Why Cleanliness Is Next To Godliness In Data

How important is clean data in an analysis


When we look at how data is viewed at the moment, the main aspect that people look at is the amount.

This could be the multitude of sources from which data is drawn, the amount of insight gained or simply the number of gigabytes of data they can store.

Many would therefore believe that these numbers are what make a successful analytics programme, but this is not the case.

In order to get the most from data, cleanliness above all else is the most important aspect to concentrate on.

This is because it is impossible to get accuracy in your analysis if it is based on flawed data. This could be anything from it being outdated, to duplicates skewing results. Essentially, if your data is not clean, then everything beyond that point is essentially a waste of time.

Although data cleaning (like almost any other cleaning) is often a slow and laborious job, especially if you are using large datasets, it is vital and the implications that it could have should not be taken lightly.

So what kind of implications can there be from using unreliable data in analysis?

Perhaps the best example is the economic crash of the late 2000’s.

This occurred because the data that was being used was not clean, it often came from unreliable sources who input data with a bias, meaning that they wanted the data to show something that it should not have shown. This was from the way that mortgage data was input to how systems were set up to accept only parts of data systems that showed maximum profits and minimum risk.

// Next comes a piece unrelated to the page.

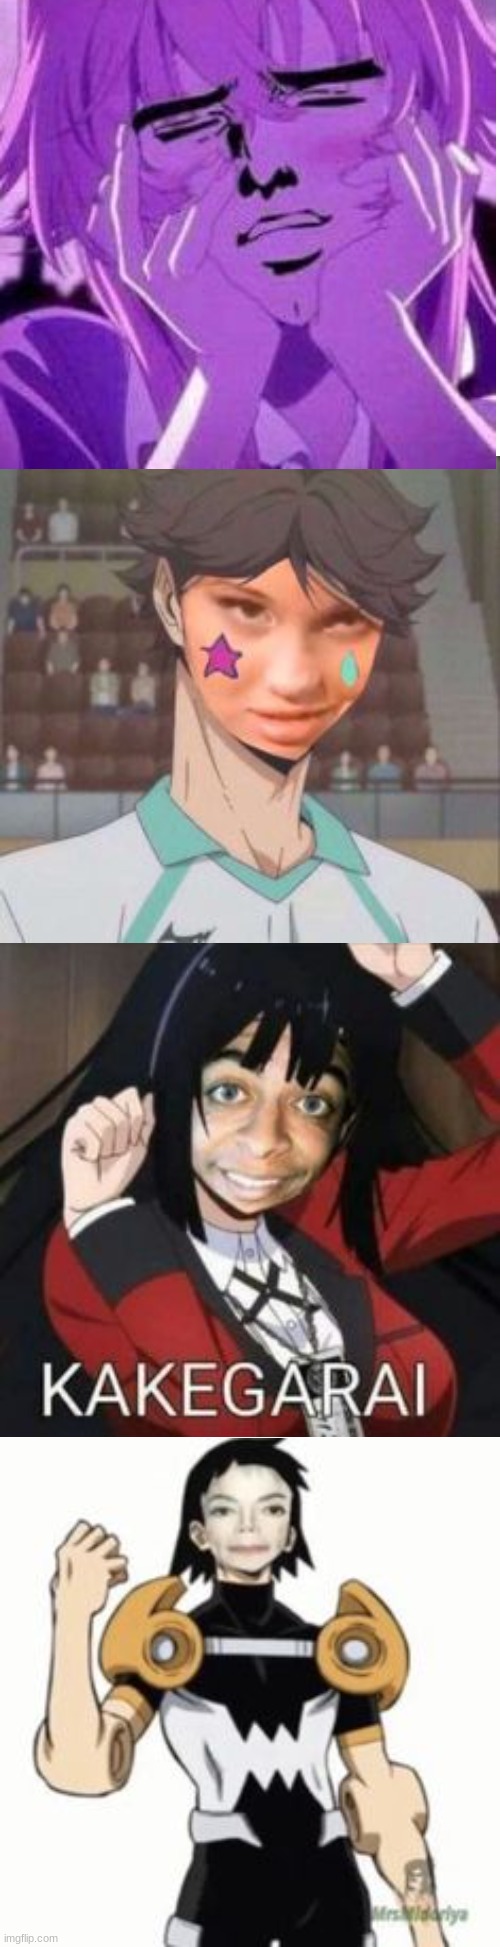 Cursed Anime Images Meme Lasopacustom

This is the case with many deals in some of the major banks, with the overall amount of the money lent being shown on balance sheets without the credit ratings of many of those who took the loans being taken into consideration. This meant that the data being shown to those who were assessing the health and performance of these institutions was not clean, meaning that the analysis showed them what they wanted to see.

Although this was an extreme example, it shows the impact that producing analyses on unreliable data can have, not only creating inaccurate results, but actually destroying companies and economies in the process.

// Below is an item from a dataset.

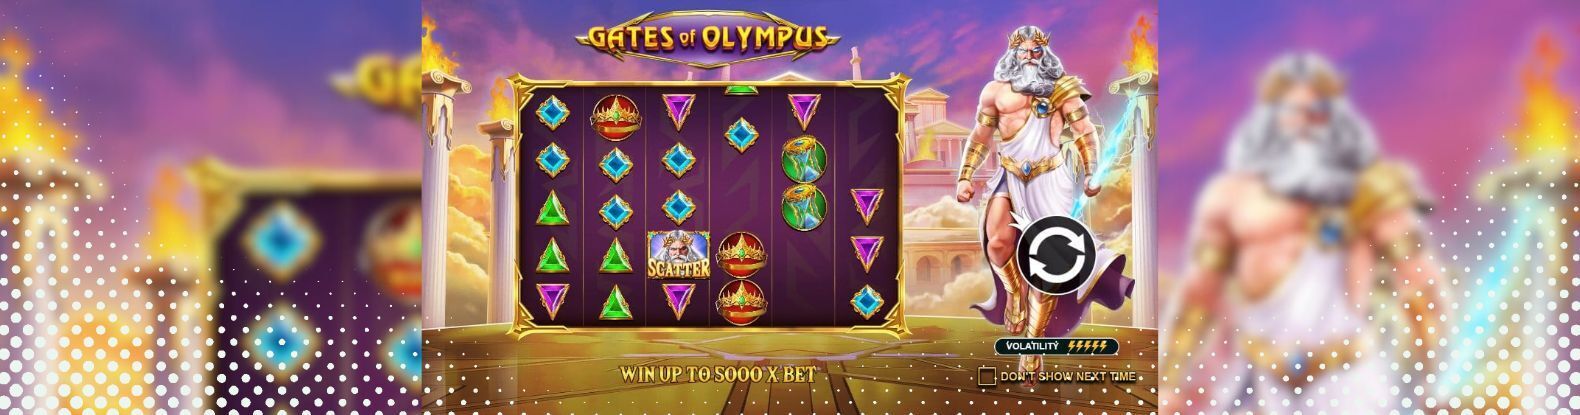 This is a screenshot of Gates of Olympus Pokies Game by Pragmatic Play

The struggle that many companies have with cleaning their data is simply that they are required to go back through everything they have and validate it, something which is both expensive and time consuming. This is often off-putting and with the partial success that many companies are having with data, they are unwilling to change.

Startups or companies who are venturing into data for the first time almost have an advantage in this, in that they can build a programme from the ground up in order to create systems that use clean data or can highlight unclean data when it is added to the new systems.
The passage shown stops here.